Sepakbola

Kylian Mbappe ‘Ajari’ Brahim Diaz Eksekusi Penalti Panenka yang Sempurna

Advertisement

Villarreal – Kylian Mbappe sukses mencetak gol penalti bergaya Panenka saat timnya mengalahkan Villarreal dengan skor 2-0 dalam lanjutan Liga Spanyol. Aksi tersebut menarik perhatian karena dilakukan di depan rekan setimnya, Brahim Diaz, yang baru saja gagal mengeksekusi penalti dengan cara serupa di final Piala Afrika 2025.

Gol Pembuka dan Penalti Panenka

Dalam pertandingan yang digelar di Estadio di la Ceramica, Villarreal, pada Minggu (25/1/2026) dini hari WIB, Mbappe membuka keunggulan timnya pada menit ke-47. Ia memanfaatkan bola liar di depan gawang setelah bek lawan gagal menyapu umpan silang dari Vinicius Junior.

Gol kedua tercipta melalui titik putih di masa injury time babak kedua. Penalti diberikan setelah Alfonso Pedraza menjatuhkan Mbappe di kotak terlarang. Mbappe yang maju sebagai eksekutor dengan tenang mengecoh kiper Luiz Junior menggunakan penalti ala Panenka, menempatkan bola ke tengah gawang sementara sang kiper bergerak ke sisi kanan.

Momen ‘Mengajari’ Brahim Diaz

Gol tersebut disambut sorak-sorai rekan-rekannya, termasuk Brahim Diaz yang telah masuk menggantikan Arda Guler sejak menit ke-80. Aksi Mbappe ini seolah menjadi pelajaran langsung bagi Diaz mengenai cara mengeksekusi penalti Panenka yang benar, terutama dalam situasi genting.

Sebelumnya, pada final Piala Afrika 2025 tanggal 18 Januari, Diaz gagal mengeksekusi penalti dengan gaya yang sama saat Maroko kalah 0-1 dari Senegal. Dalam kedudukan imbang 0-0, tembakan Panenka Diaz berhasil ditangkap dengan mudah oleh kiper Senegal, Edouard Mendy.
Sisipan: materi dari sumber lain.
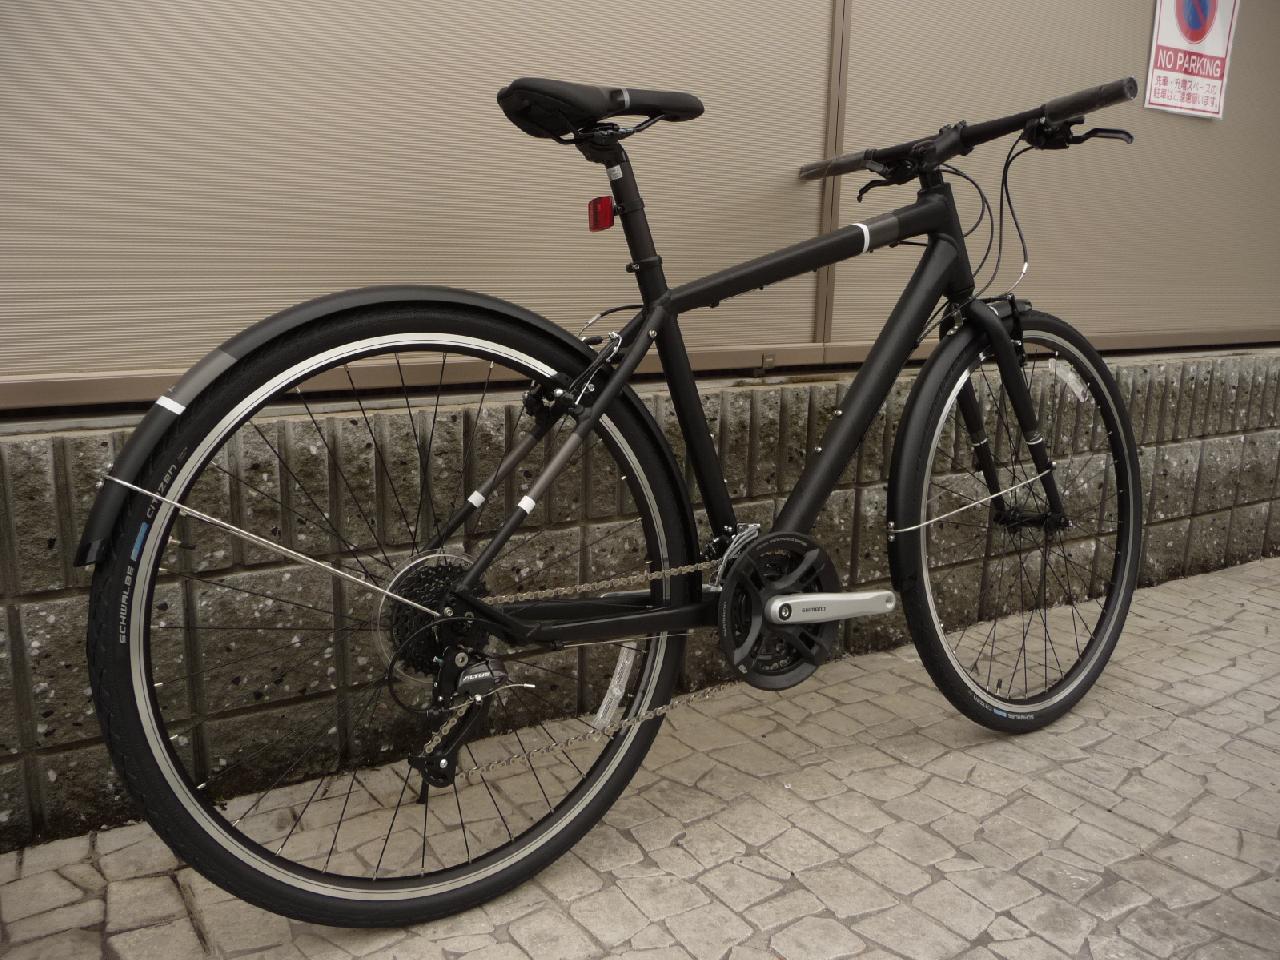 SPEED 40 【MATT BLACK】特価クロス ... : スコット 自転車 クロス : 自転車の

Kegagalan ini diduga dipengaruhi oleh aksi walk-out yang sempat dilakukan Senegal karena memprotes keputusan penalti.

Advertisement

Senegal akhirnya keluar sebagai juara setelah mencetak gol kemenangan di babak perpanjangan waktu, mengubur mimpi Maroko. Diaz yang merasa bertanggung jawab atas kekalahan tersebut sempat menyampaikan permintaan maaf melalui media sosial.

Penalti gaya Panenka memang membutuhkan tingkat fokus yang sangat tinggi. Teknik ini baru bisa berhasil jika eksekutor mampu memastikan pergerakan kiper ke satu sisi sebelum menembakkan bola pelan ke tengah. Kegagalan dalam mengeksekusi Panenka dapat berujung pada situasi yang memalukan karena bola yang ditembakkan mudah ditebak.